*Data:*
══════════

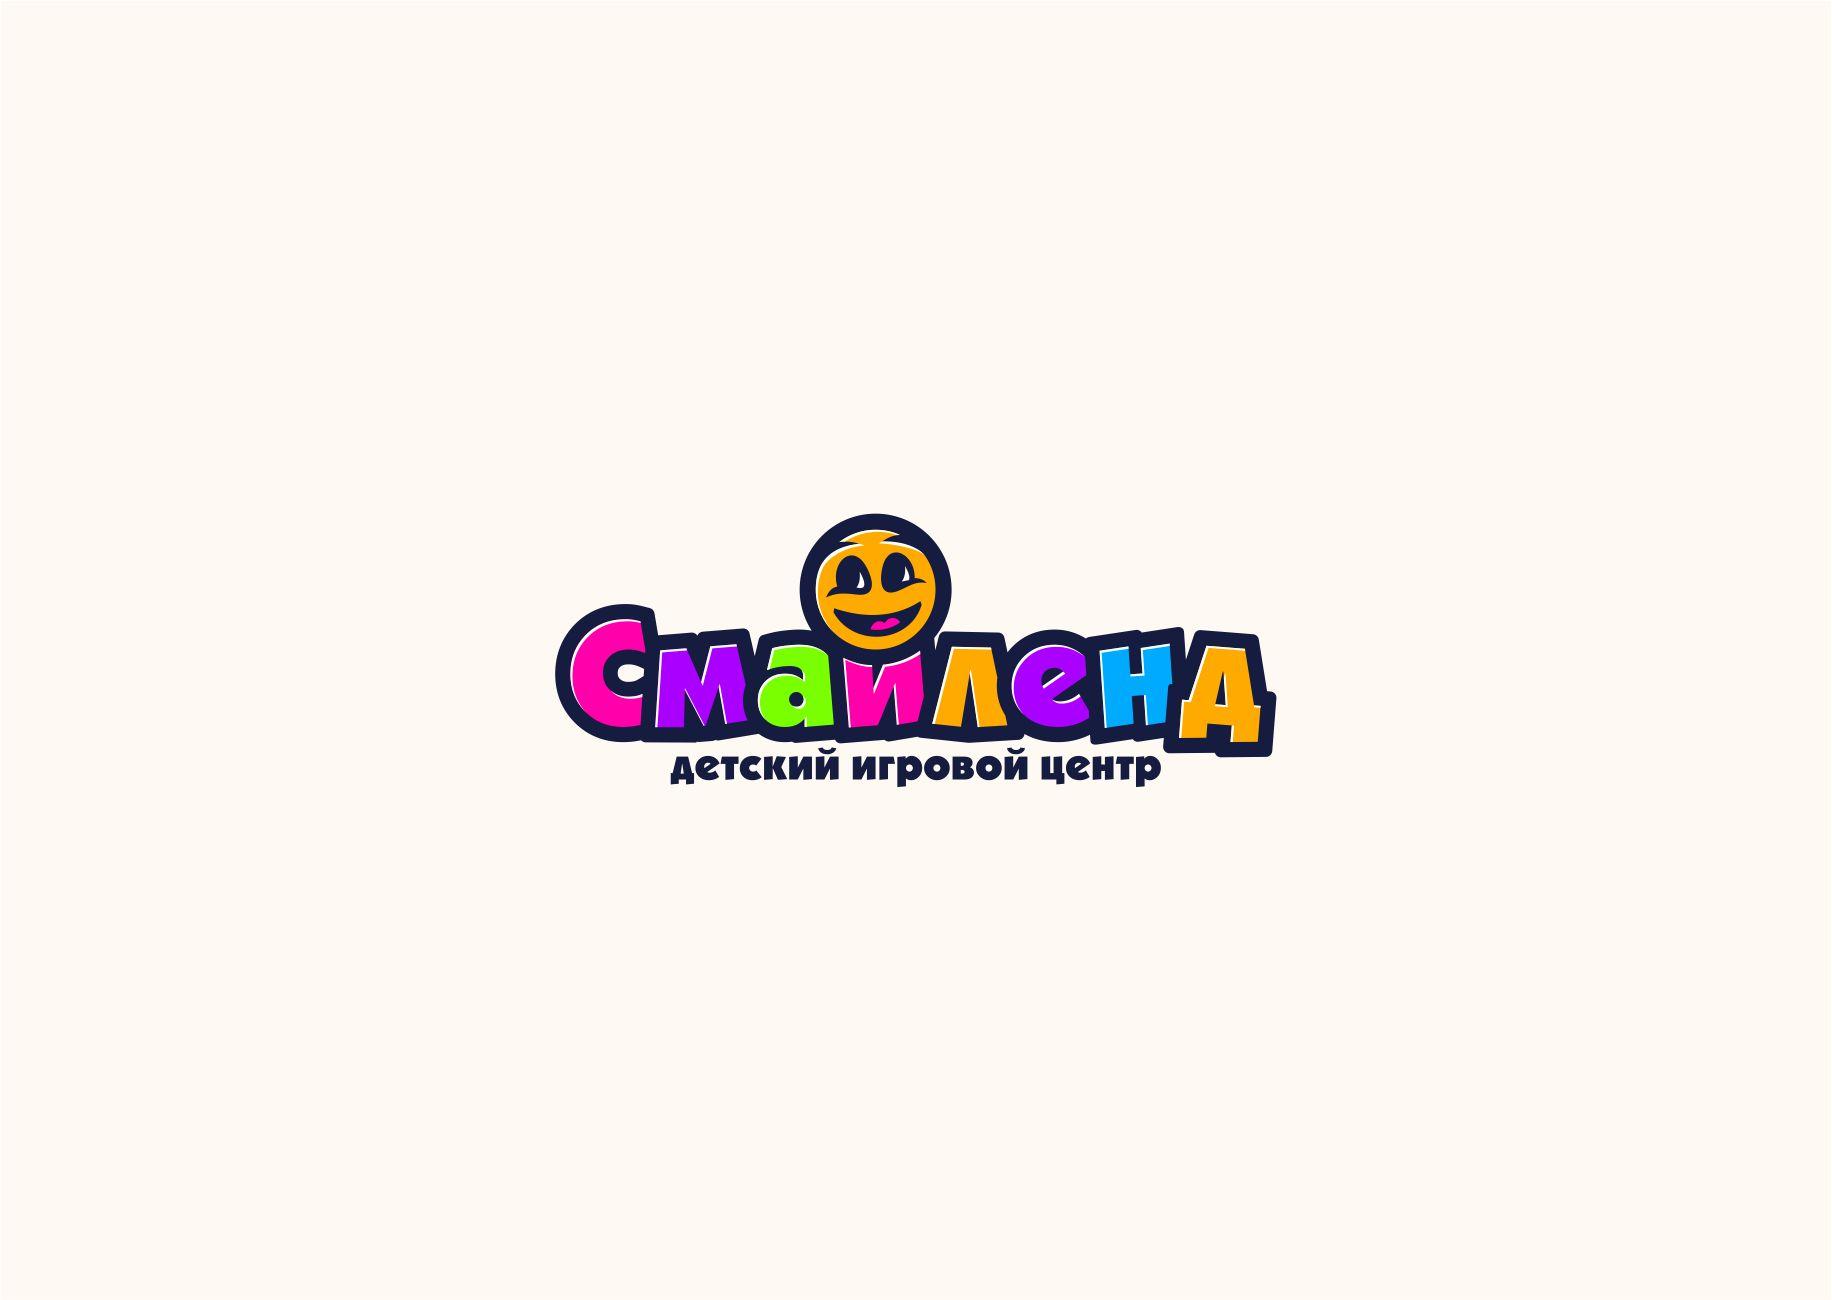 Логотип, стиль для детского игрового центра. фото f_5785a40a32492cad.jpg
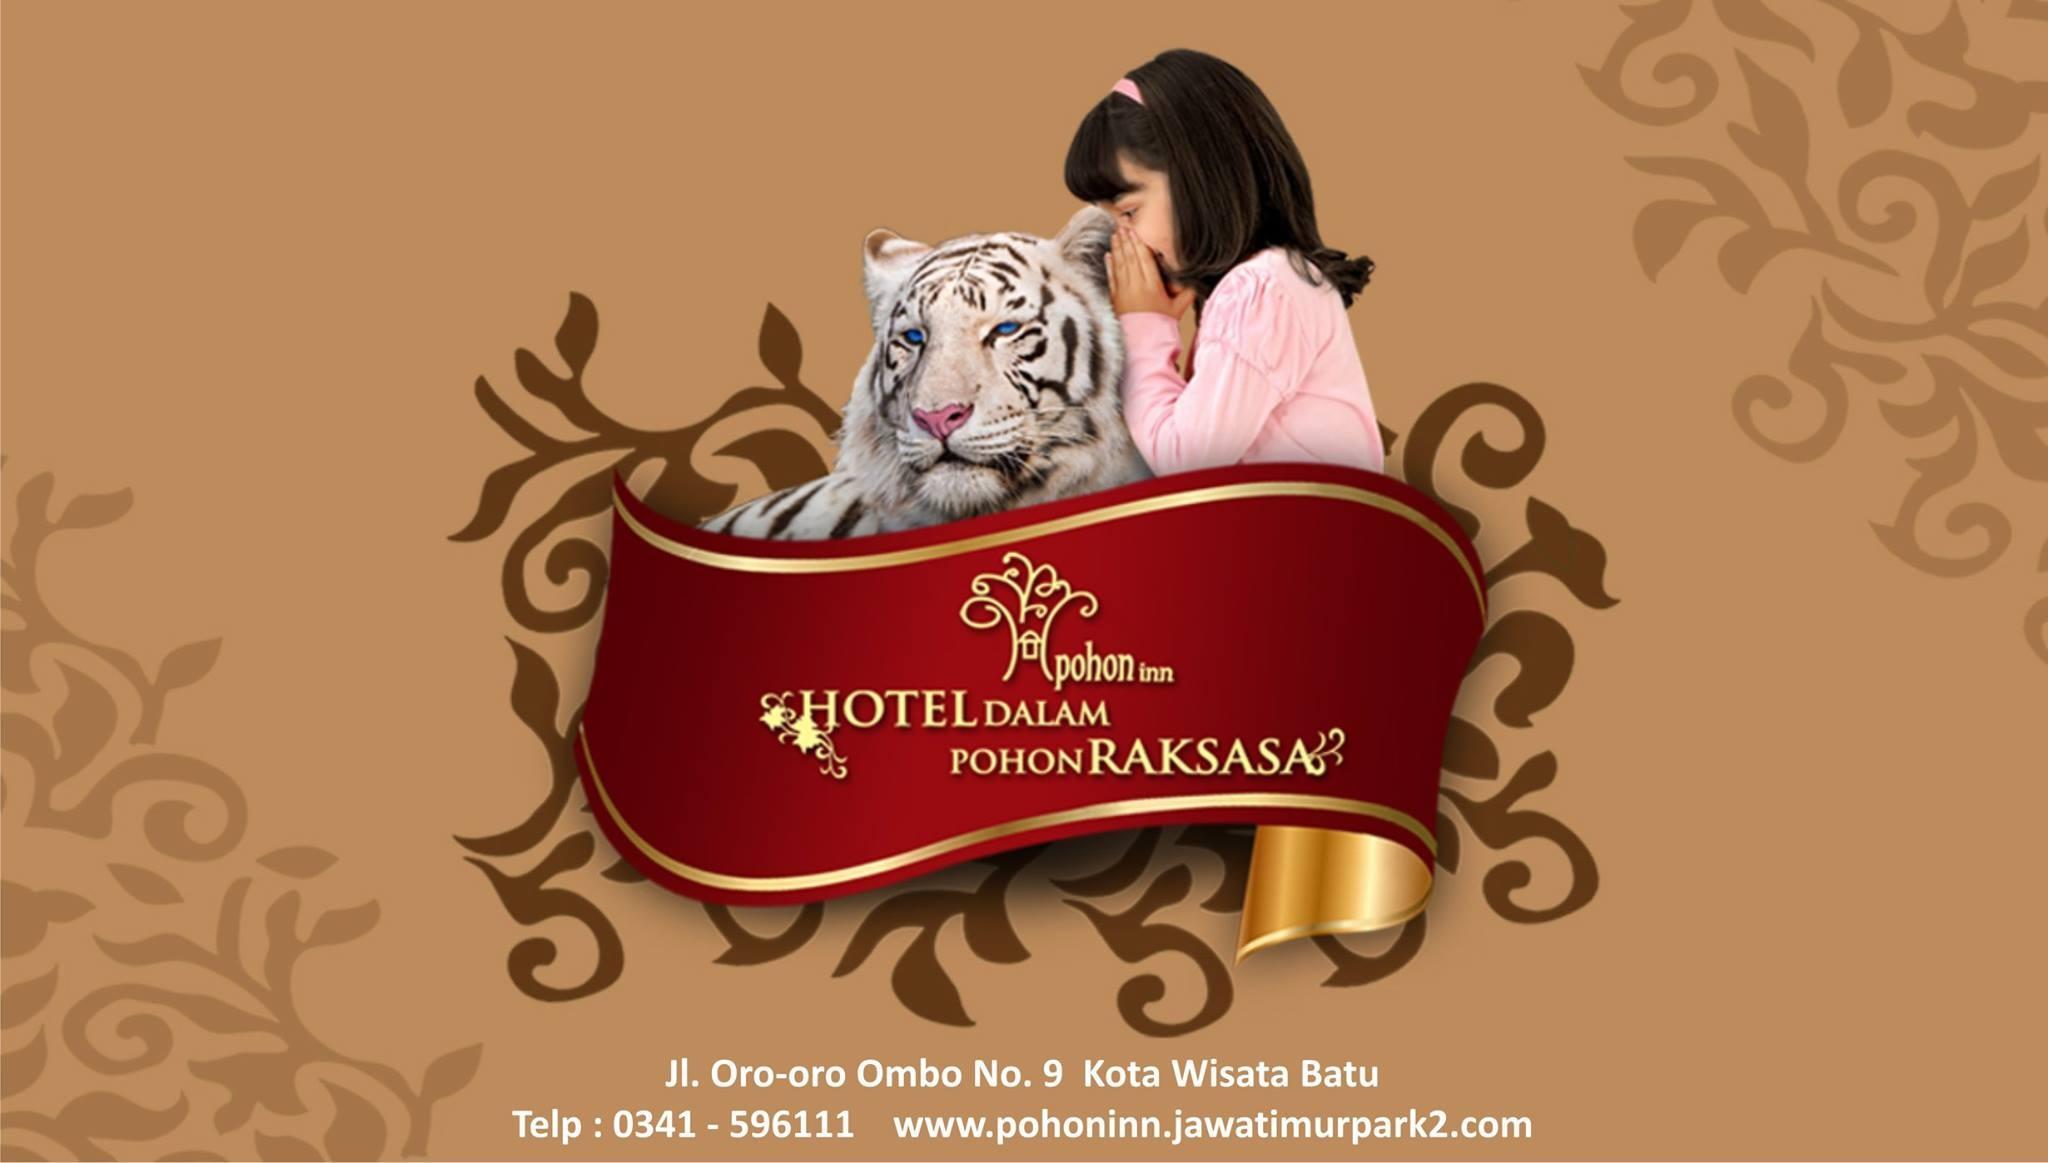 Pohon Inn Hotel Malang
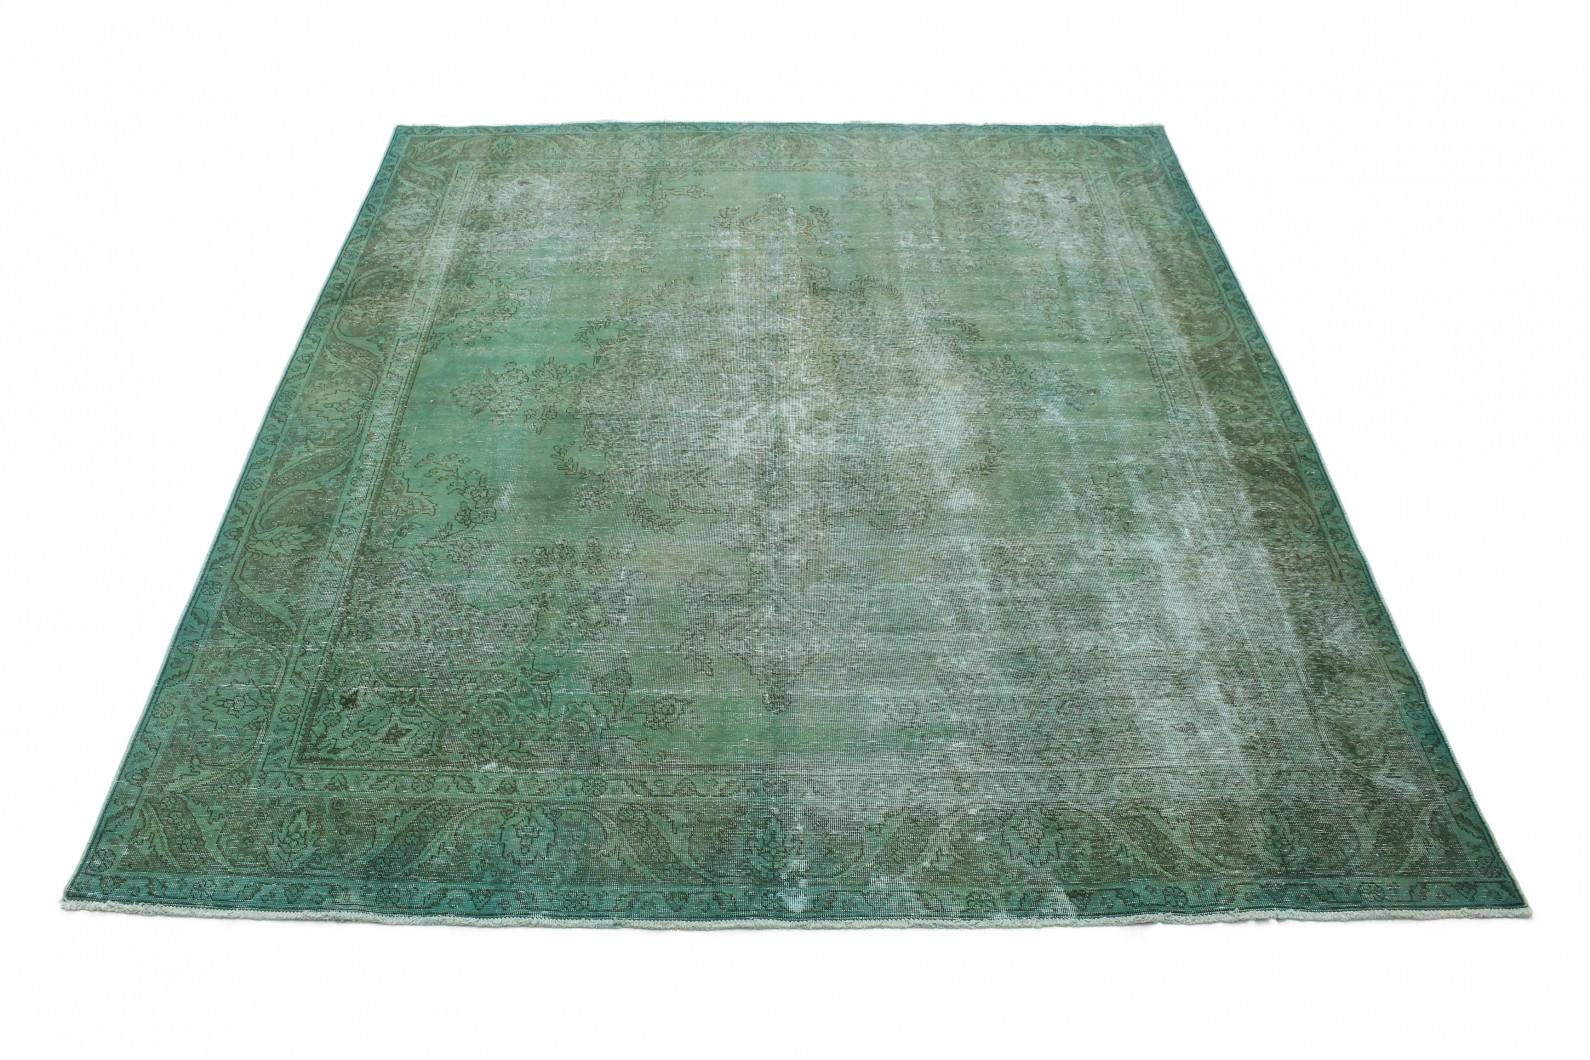 Vintage Teppich Grun Grau In 350x290 1001 3714 Bei Carpetido De Kaufen

══════════

*Work instruction:* The pictures should not be reproduced; quote all of the other material exactly.

*Completed task:*
 Логотип, стиль для детского игрового центра. фото f_5785a40a32492cad.jpg
 Pohon Inn Hotel Malang
 Vintage Teppich Grun Grau In 350x290 1001 3714 Bei Carpetido De Kaufen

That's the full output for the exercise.